If you find this work interesting please cite

@inproceedings{wang2023learning,
  title={Learning Conditional Attributes for Compositional Zero-Shot Learning},
  author={Qingsheng Wang, Lingqiao Liu, Chenchen Jing, Hao Chen, Guoqiang Liang, Peng Wang, Chunhua Shen},
  booktitle={CVPR},
  year={2023}
}

All code was implemented using Python 3.10 and Pytorch 1.12 on Ubuntu.

1. Data Preparation

UT-Zappos50K: http://vision.cs.utexas.edu/projects/finegrained/utzap50k/ut-zap50k-images.zip

MIT-States: http://wednesday.csail.mit.edu/joseph_result/state_and_transformation/release_dataset.zip

C-GQA: https://s3.mlcloud.uni-tuebingen.de/czsl/cgqa-updated.zip

  1. Download datasets UT-Zappos50K, MIT-States, and C-GQA and unzip them into a dataset folder, e.g., /home/XXX/datasets. Rename the dataset folder names as ut-zap50k, mit-states, and cgqa.

  2. Download data splits for UT-Zappos50K and MIT-States at https://www.senthilpurushwalkam.com/publication/compositional/compositional_split_natural.tar.gz

  3. We provide the resnet18 feature vectors for all three datasets:

    Google Drive: https://drive.google.com/drive/folders/1IGXPMRossFuVxIeWzvKRXrczXDNhHG1F?usp=sharing

    Baidu Netdisk: https://pan.baidu.com/s/1mnjegQm6x6_Ms9AhoycLFg?pwd=bmic

    Place the "resnet18_feature_vectors.t7" into each of the dataset main path.
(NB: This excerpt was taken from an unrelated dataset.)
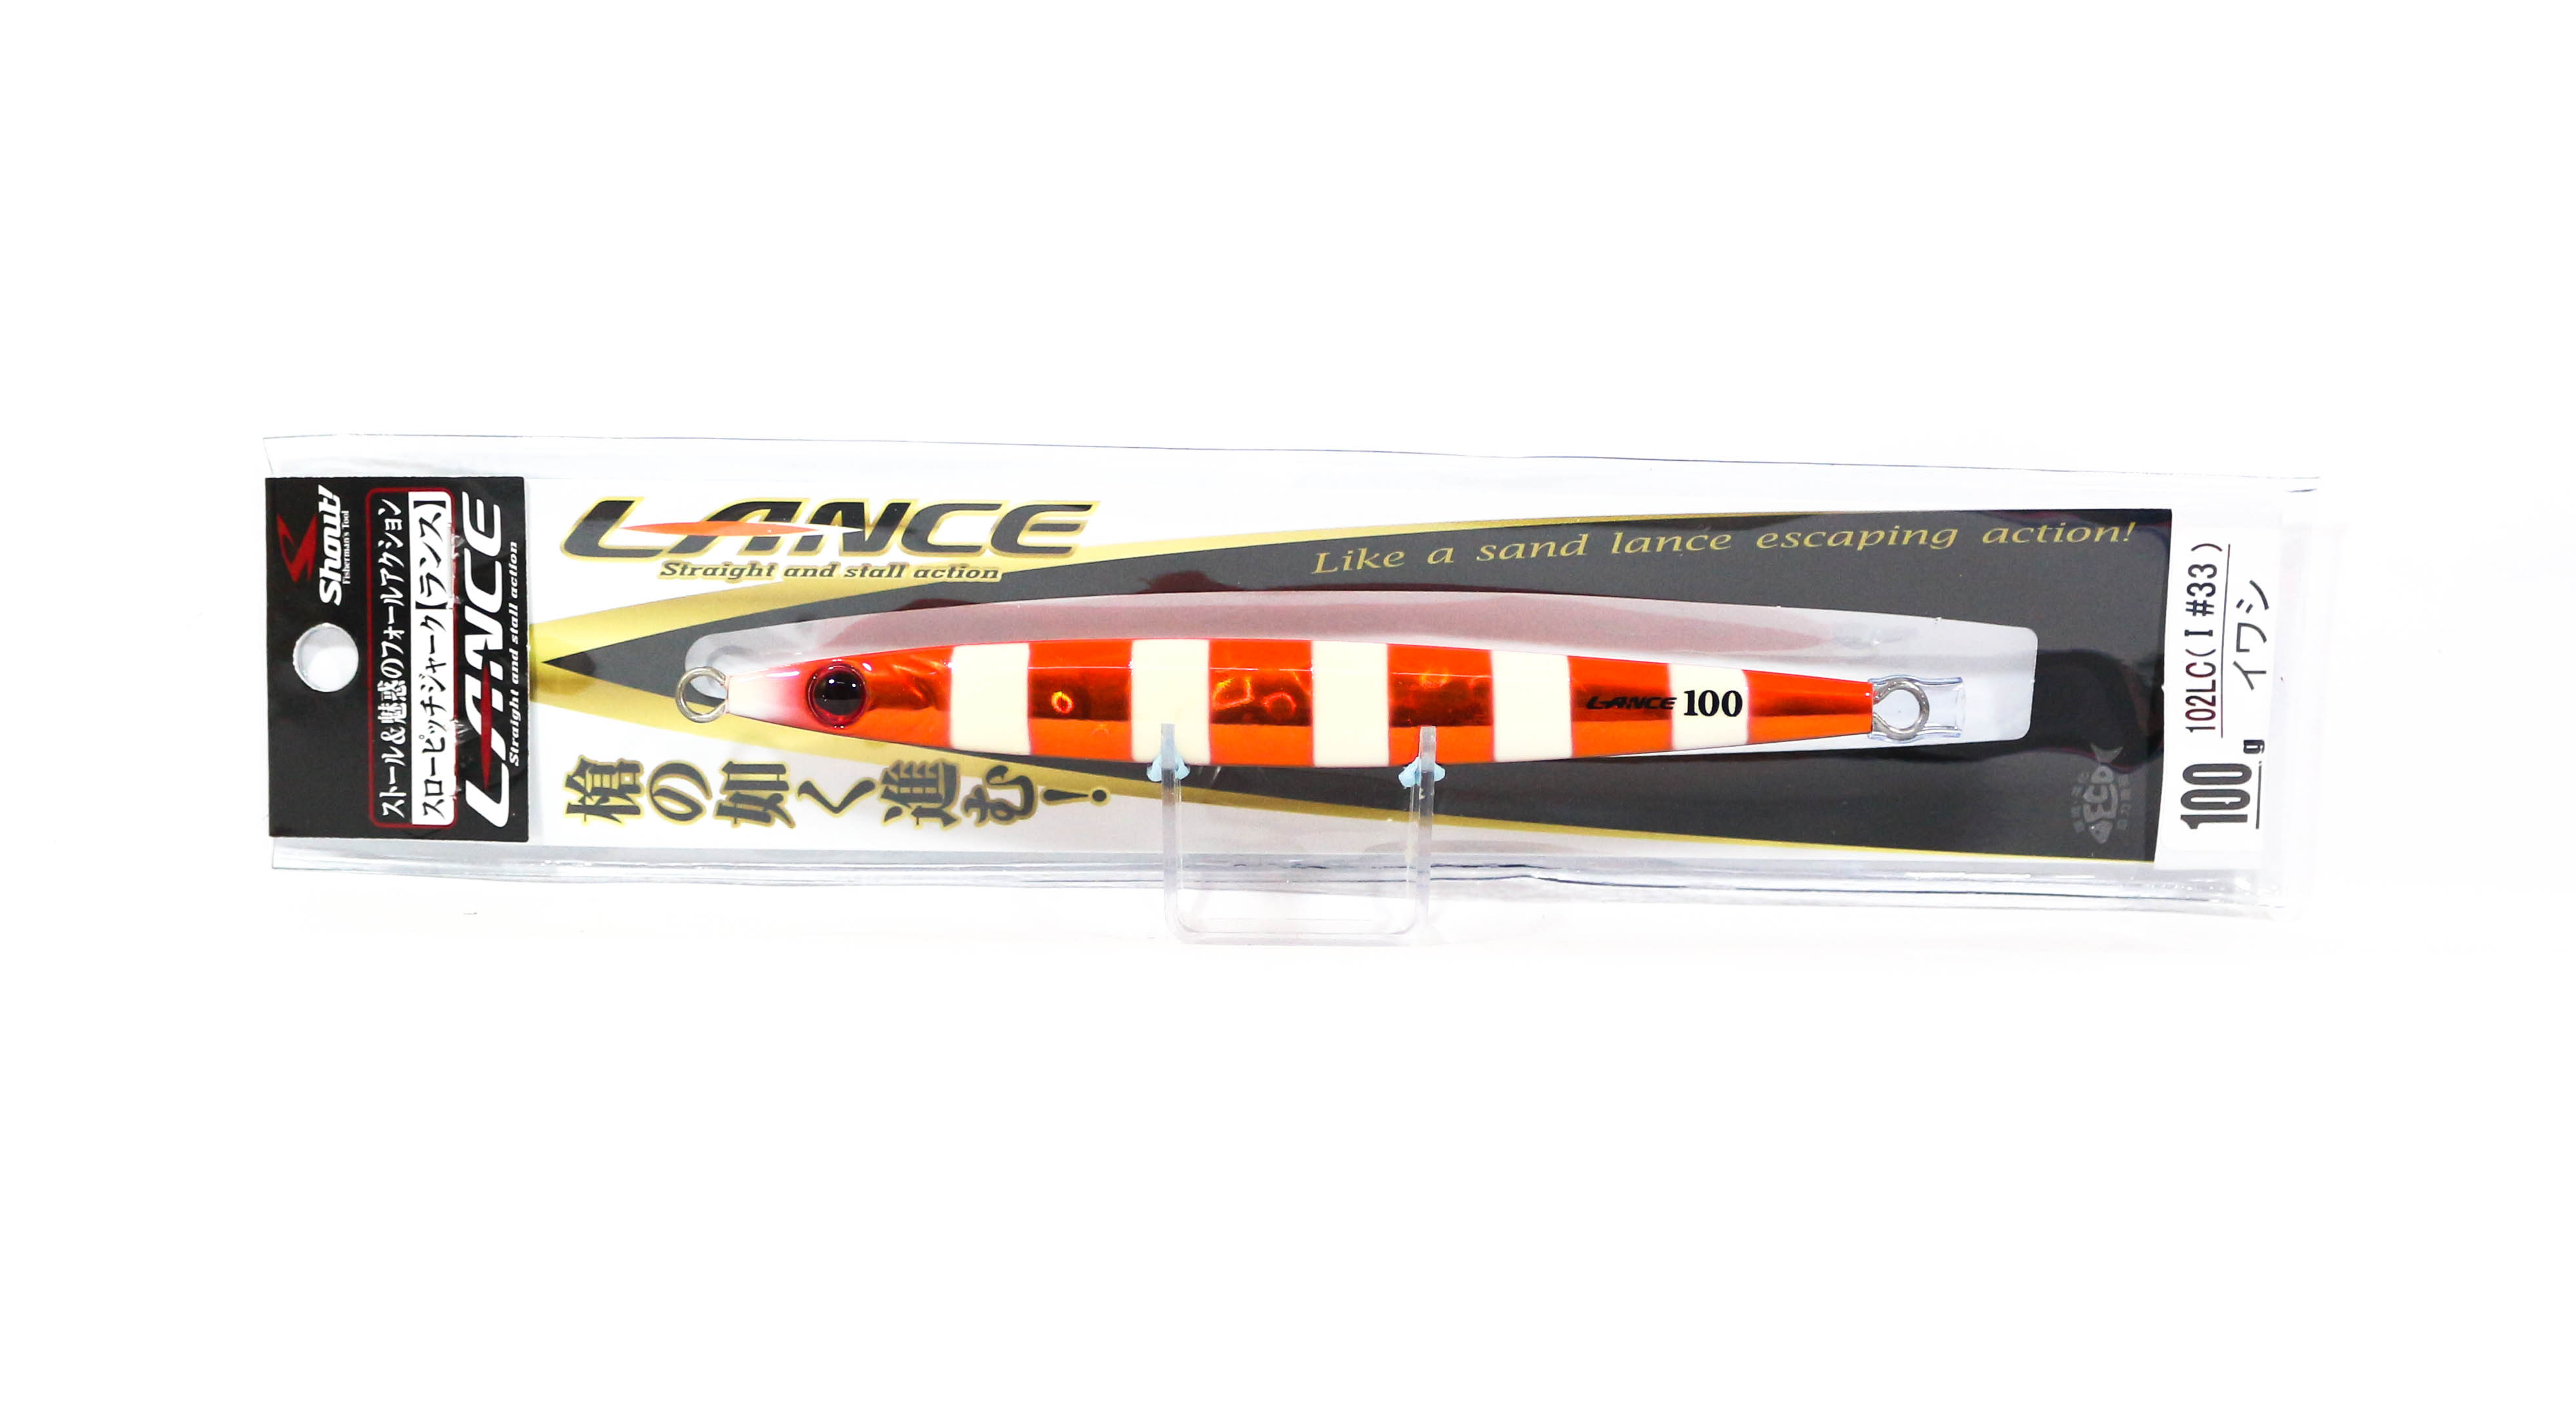 Shout 102-LC Metal Jig Lance Slow Fall Long 100 grams RZ (7918)

  4. Unzip the downloaded file compositional_split_natural.tar.gz and place the sub-folders mit-states and ut-zap50k into the corresponding dataset folder. Note that the cgqa dataset zip file contains its own data split.

  5. Now, we have the following folder structure for the three datasets:

    > /home/XXX
      > datasets
        > ut-zap50k # can also be mit-states or cgqa
          - metadata_compositional-split-natural.t7
          - resnet18_feature_vectors.t7
          > compositional-split-natural
            - test_pairs.txt
            - train_pairs.txt
            - val_pairs.txt
        # ===Create this empty folder manually for UT-Zappos50K===# 
        > images
        # ======Only UT-Zappos50K has the following folders=======#
        > Boots
        > Sandals
        > Shoes
        > Slippers
    
  6. Run /utils/reorganize_utzap.py to reorganize images in UT-Zappos50K, where set DATA_FOLDER='/home/XXX/datasets' in line 20.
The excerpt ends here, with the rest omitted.